This section combines the processed VCS and CDM datasets for unified analysis.

In [None]:
# Combine VCS and CDM datasets
log_progress("Data Combination", "Combining VCS and CDM datasets")

# Create combined dataset
df_combined = pd.concat([df_vcs, df_cdm], ignore_index=True)

# Check the combined dataset
print(f"Combined dataset contains {len(df_combined)} projects")
print(f"  VCS projects: {(df_combined['Regime'] == 'VCS').sum()}")
print(f"  CDM projects: {(df_combined['Regime'] == 'CDM').sum()}")

# Check for missing values in key columns
missing_vals_combined = df_combined[['log_q_success_indicator', 't_actual_years', 'Regime']].isnull().sum()
print("\nMissing values in key columns of combined dataset:")
print(missing_vals_combined)

# Create a variable to indicate CDM projects (for regression)
df_combined['Is_CDM'] = (df_combined['Regime'] == 'CDM').astype(int)
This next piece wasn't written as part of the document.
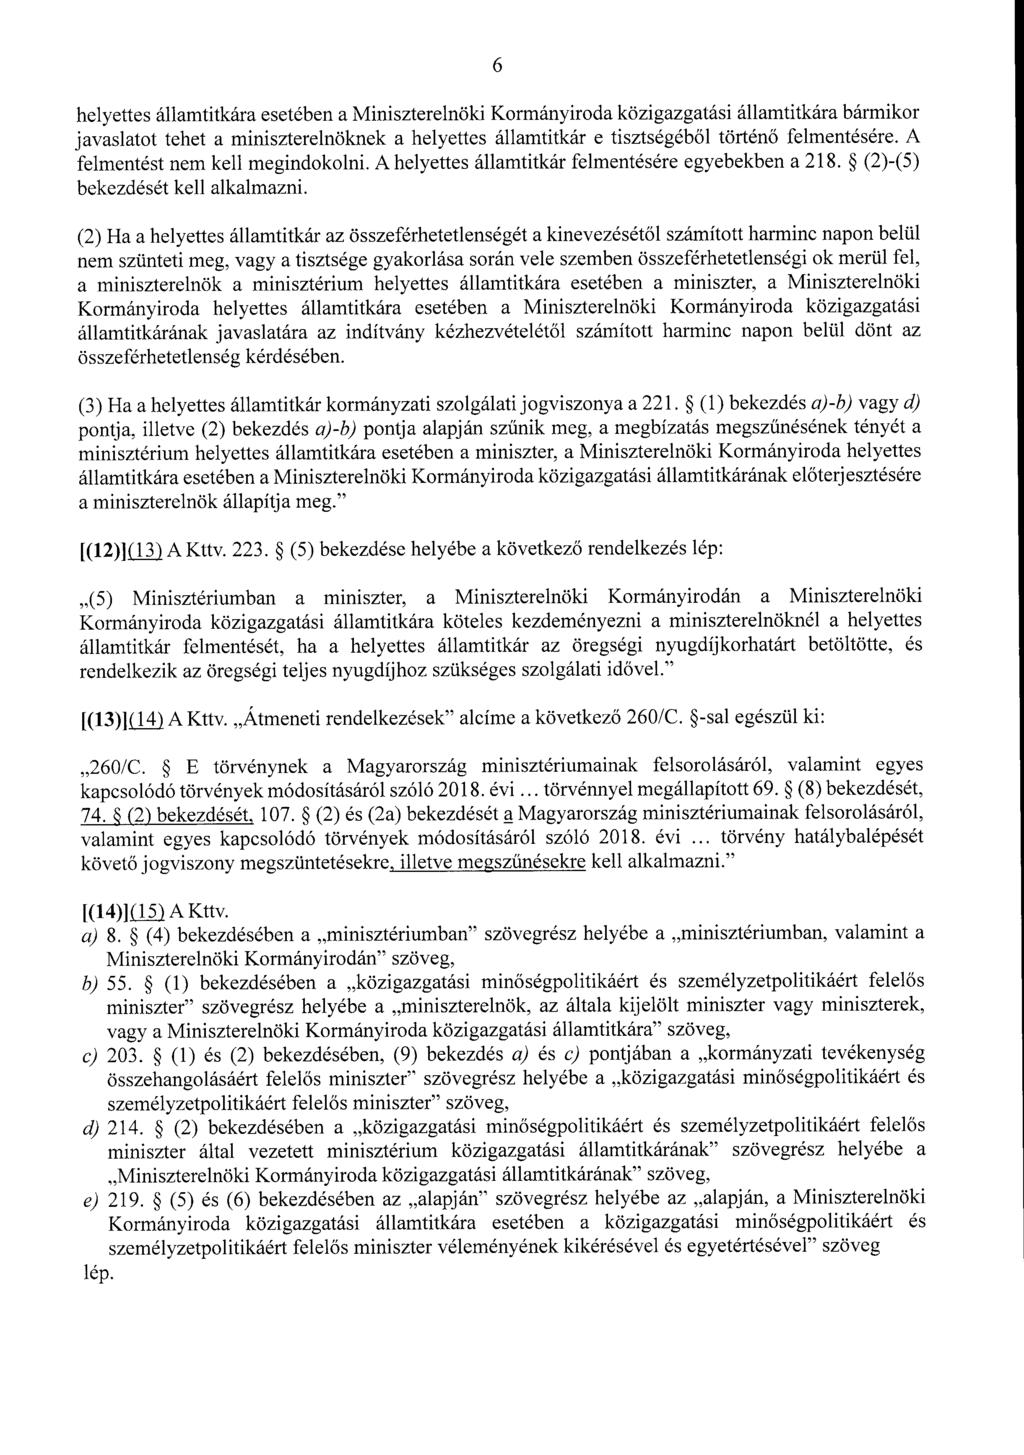 6 helyettes államtitkára esetében a Miniszterelnöki Kormányiroda közigazgatási államtitkára bármiko r javaslatot tehet a miniszterelnöknek a helyettes államtitkár e tisztségéb ől történő felmentésére.

# Filter for projects with valid success indicators
df_combined_valid = df_combined.dropna(subset=['log_q_success_indicator'])
print(f"\nProjects with valid success indicators: {len(df_combined_valid)} of {len(df_combined)}")
print(f"  VCS projects: {(df_combined_valid['Regime'] == 'VCS').sum()}")
print(f"  CDM projects: {(df_combined_valid['Regime'] == 'CDM').sum()}")

# Compare success indicators between regimes
success_by_regime = df_combined_valid.groupby('Regime')['log_q_success_indicator'].agg(['count', 'mean', 'median', 'std'])
print("\nSuccess indicator by regime:")
print(success_by_regime)

# Save the combined dataset
df_combined.to_csv(COMBINED_OUTPUT, index=False)
log_progress("Data Combination", f"Saved combined dataset with {len(df_combined)} projects")

# Create visualizations comparing regimes
plt.figure(figsize=(10, 6))
sns.boxplot(x='Regime', y='log_q_success_indicator', data=df_combined_valid)
plt.axhline(y=0, color='r', linestyle='--')
plt.title('Success Indicator (log(q)) by Regime')
plt.xlabel('Regime')
plt.ylabel('log(q)')
plt.grid(True, linestyle='--', alpha=0.7)
plt.savefig(os.path.join(FIGURES_DIR, 'success_by_regime.png'), dpi=300)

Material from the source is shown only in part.